Searching one Python dataframe / dictionary for fuzzy matches in another dataframe - python

I have the following pandas dataframe with 50,000 unique rows and 20 columns (included is a snippet of the relevant columns):
df1:
PRODUCT_ID PRODUCT_DESCRIPTION
0 165985858958 "Fish Burger with Lettuce"
1 185965653252 "Chicken Salad with Dressing"
2 165958565556 "Pork and Honey Rissoles"
3 655262522233 "Cheese, Ham and Tomato Sandwich"
4 857485966653 "Coleslaw with Yoghurt Dressing"
5 524156285551 "Lemon and Raspberry Cheesecake"
I also have the following dataframe (which I also have saved in dictionary form) which has 2 columns and 20,000 unique rows:
df2 (also saved as dict_2)
PROD_ID PROD_DESCRIPTION
0 548576 "Fish Burger"
1 156956 "Chckn Salad w/Ranch Dressing"
2 257848 "Rissoles - Lamb & Rosemary"
3 298770 "Lemn C-cake"
4 651452 "Potato Salad with Bacon"
5 100256 "Cheese Cake - Lemon Raspberry Coulis"
What I am wanting to do is compare the "PRODUCT_DESCRIPTION" field in df1 to the the "PROD_DESCRIPTION" field in df2 and find the closest match/matches to help with the heavy lifting part. I would then need to manually check the matches but it would be a lot quicker The ideal outcome would look like this, e.g. with one or more part matches noted:
PRODUCT_ID PRODUCT_DESCRIPTION PROD_ID PROD_DESCRIPTION
0 165985858958 "Fish Burger with Lettuce" 548576 "Fish Burger"
1 185965653252 "Chicken Salad with Dressing" 156956 "Chckn Salad w/Ranch Dressing"
2 165958565556 "Pork and Honey Rissoles" 257848 "Rissoles - Lamb & Rosemary"
3 655262522233 "Cheese, Ham and Tomato Sandwich" NaN NaN
4 857485966653 "Coleslaw with Yoghurt Dressing" NaN NaN
5 524156285551 "Lemon and Raspberry Cheesecake" 298770 "Lemn C-cake"
6 524156285551 "Lemon and Raspberry Cheesecake" 100256 "Cheese Cake - Lemon Raspberry Coulis"
I have already completed a join which has identified the exact matches.
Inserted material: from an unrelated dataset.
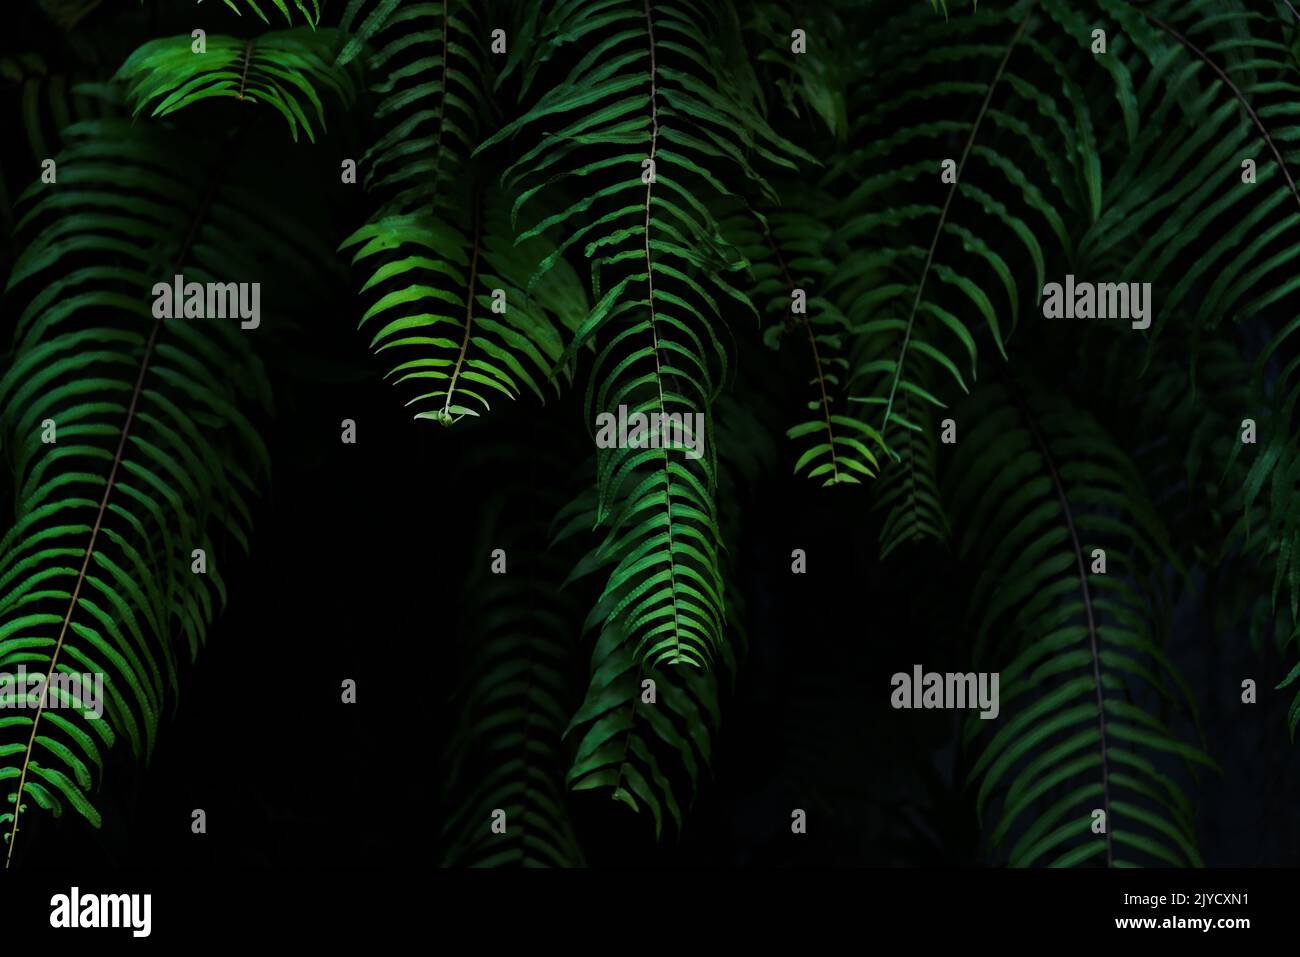 Green fern leaves with dark background Stock Photo
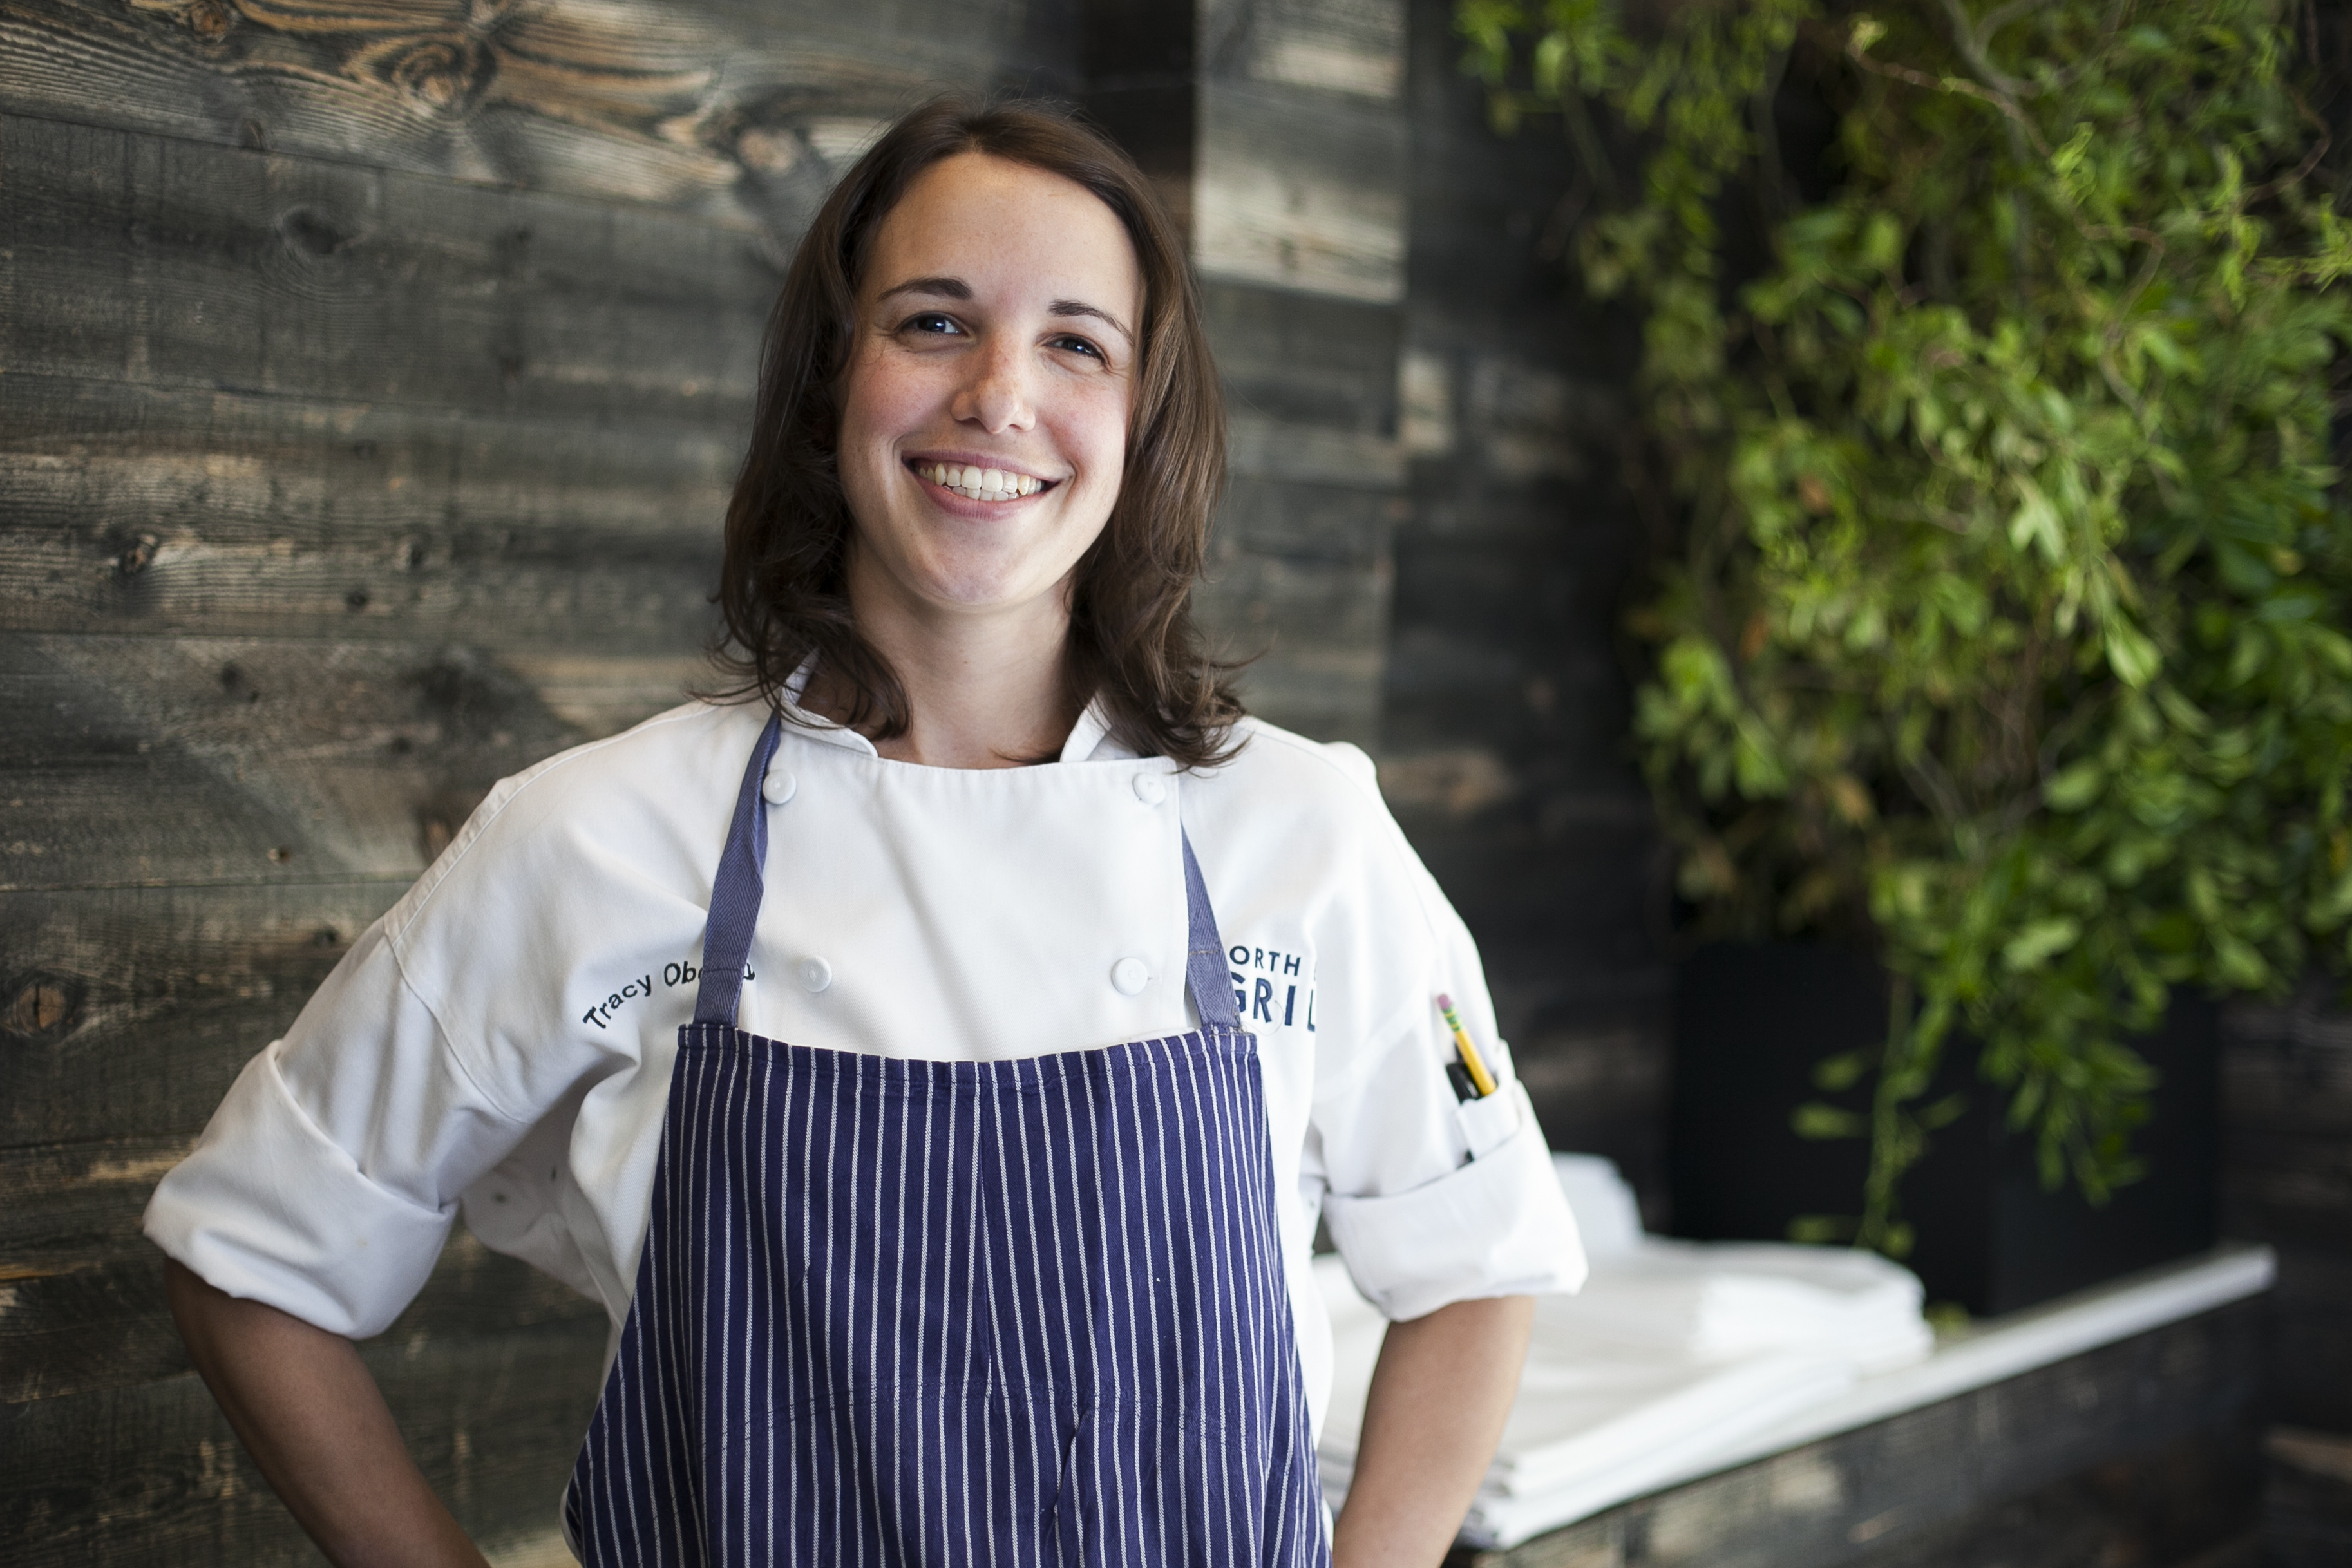 Pastry chef Tracy Obolsky at North End Grill in June 2014. (Samira Bouaou/Epoch Times)

It's not important that the index is retained as the Product ID's in each df are unique. The results can also be saved into a new dataframe as this will then be applied to a third dataframe that has around 14 million rows.
I've used the following questions and answers (amongst others):
Is it possible to do fuzzy match merge with python pandas
Fuzzy merge match with duplicates including trying jellyfish module as suggested in one of the answers
Python fuzzy matching fuzzywuzzy keep only the best match
Fuzzy match items in a column of an array
and also various loops/functions/mapping etc. but have had no success, either getting the first "fuzzy match" which has a low score or no matches being detected.
I like the idea of a matching/distance score column being generated as per here as it would then allow me to speed up the manual checking process.
I'm using Python 2.7, pandas and have fuzzywuzzy installed.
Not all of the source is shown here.